I guess I just got lucky in that my birds experienced no complications. I have heard stories to the contrary; however, my vet tells me that she hasn't ever personally had a bird suffer complications from the procedure. The smallest bird she will chip is a cockatiel, but, quite frankly, would someone even scan a found cockatiel for one? Probably not. Most people (and probably most vets) won't do that to a bird that size. I didn't. Our cockatiel remains banded only, not chipped (although if they start making that smaller and easier to do on a small bird I will definitely consider it). 

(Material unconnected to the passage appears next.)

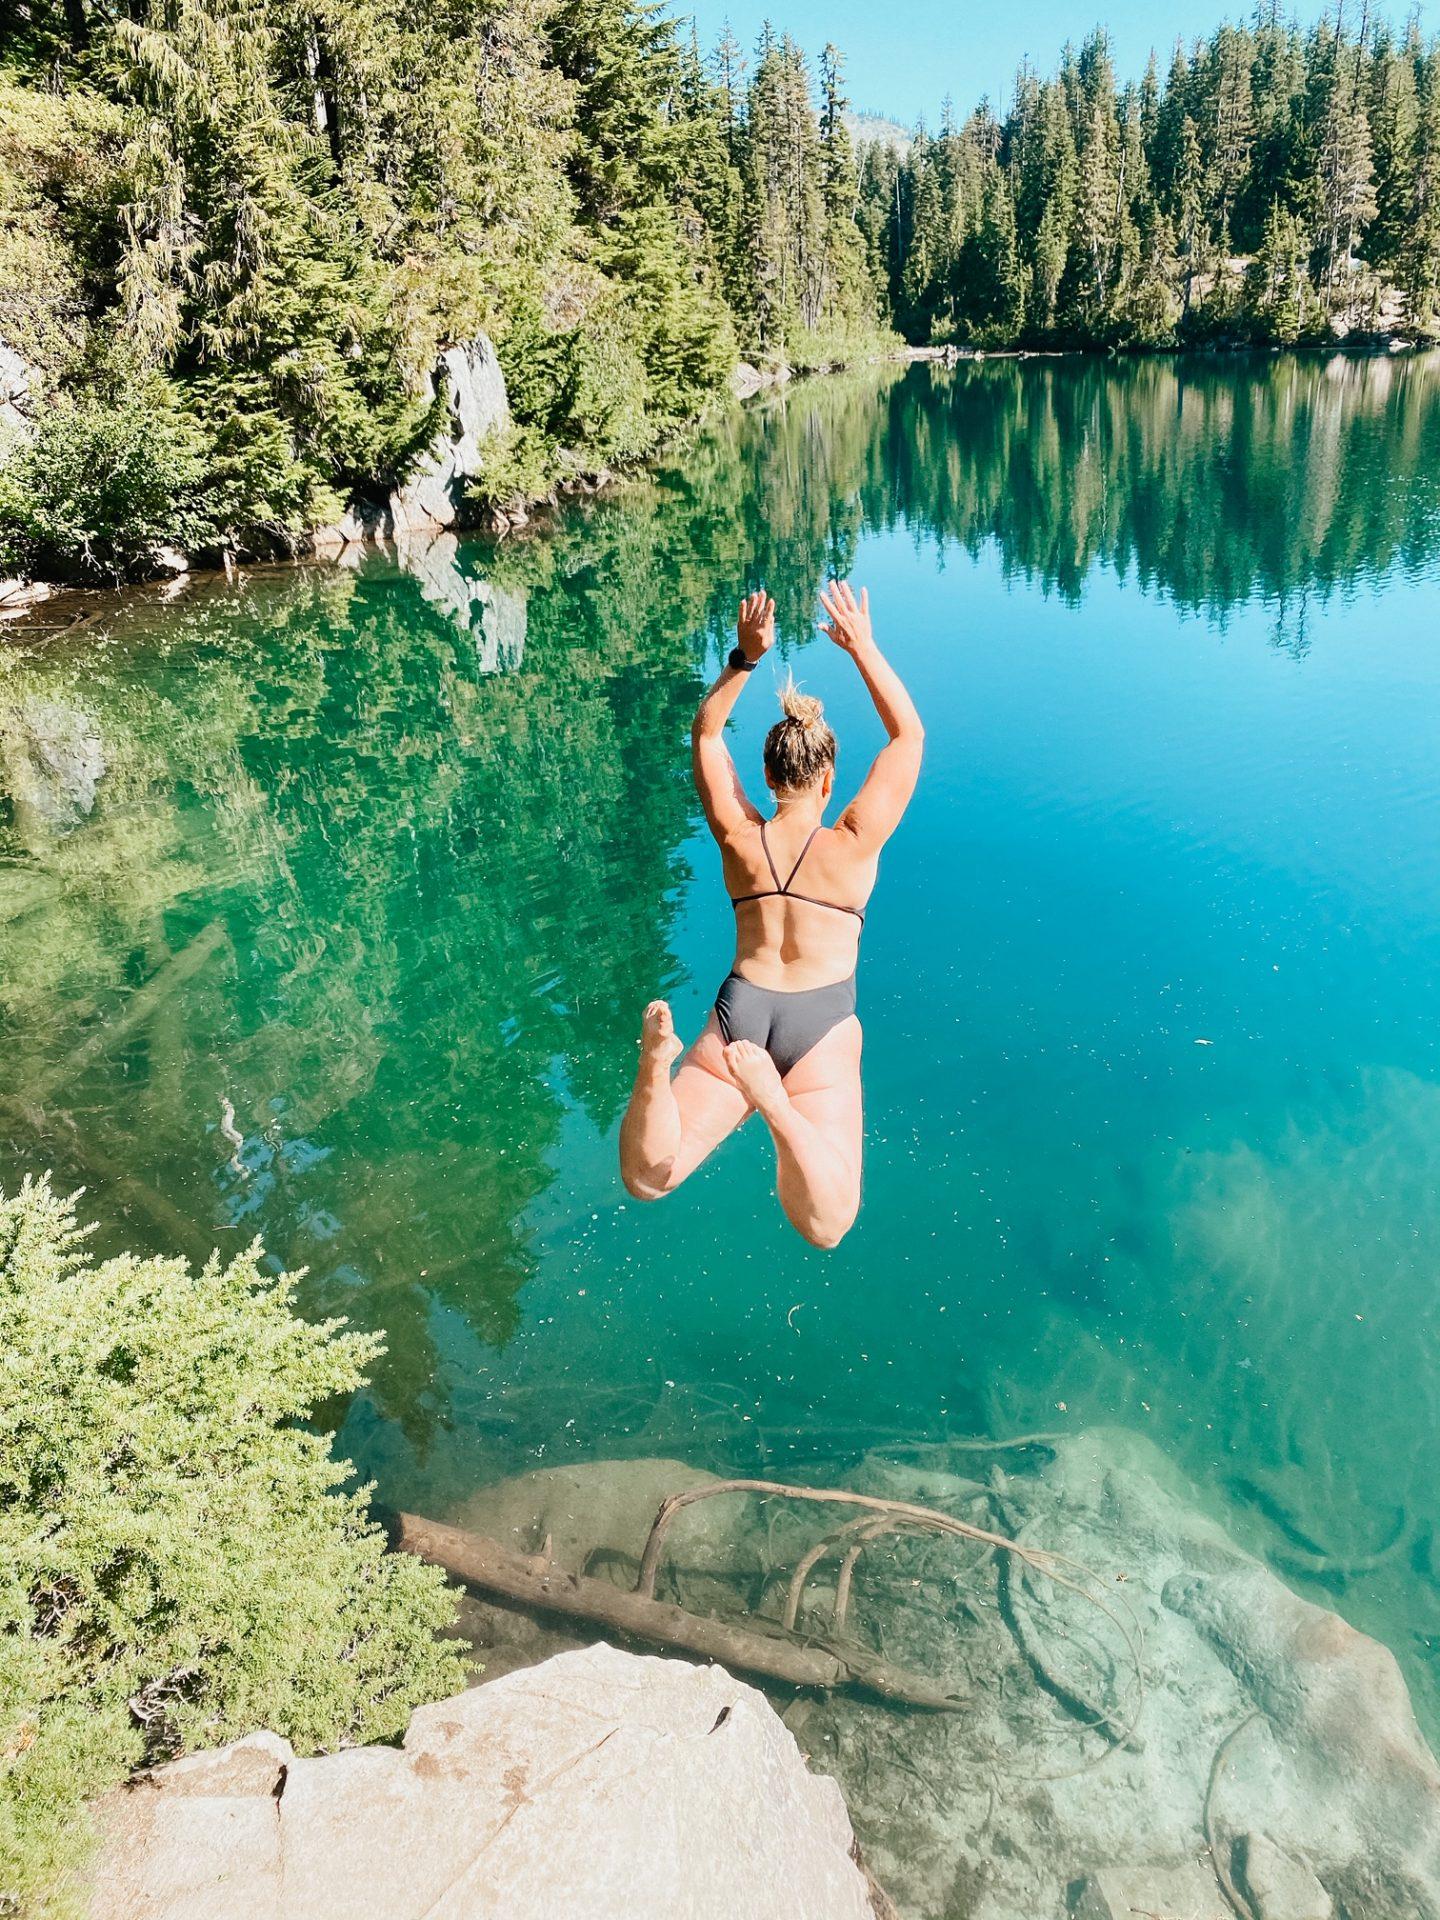 swimming mt. rainier national park

Having some of my parrots (and all my dogs) microchipped does give me some measure of comfort that I can prove ownership of my larger birds in the event I ever had to (what about a natural disaster where animals are rescued and dispersed to different centers? Sad to say but African Greys all look a LOT alike). I'd talk to your vet about it. Different vets have differing views on the matter. I followed my vet's recommendation and, for today, I'm happy with the results.


----------



## Tarra (Dec 6, 2008)

I asked my vet about this before but was told tiels are not big enough to be chipped and that only large parrots could get them :/ but as long as you are extra careful no doors are kept open or the Frisbee is on a harness i think you should be okay


----------



## garynmonica (Mar 28, 2013)

yea I figured they were probably too small to put a chip in but I just thought maybe there was some type of new one.. I've been thinking about getting a harness or flight suit so I could take him outside. I tried taking him outside with me in his small cage but he got very upset so I promptly took him back in. Thank everyone for answering, I just wanted to know I'd there were any methods of identification that I wasn't aware of..


----------



## Tarra (Dec 6, 2008)

Technology keeps advancing maybe if enough people want them they will eventually make smaller chips  that would be great! And my birds love their flight suits


----------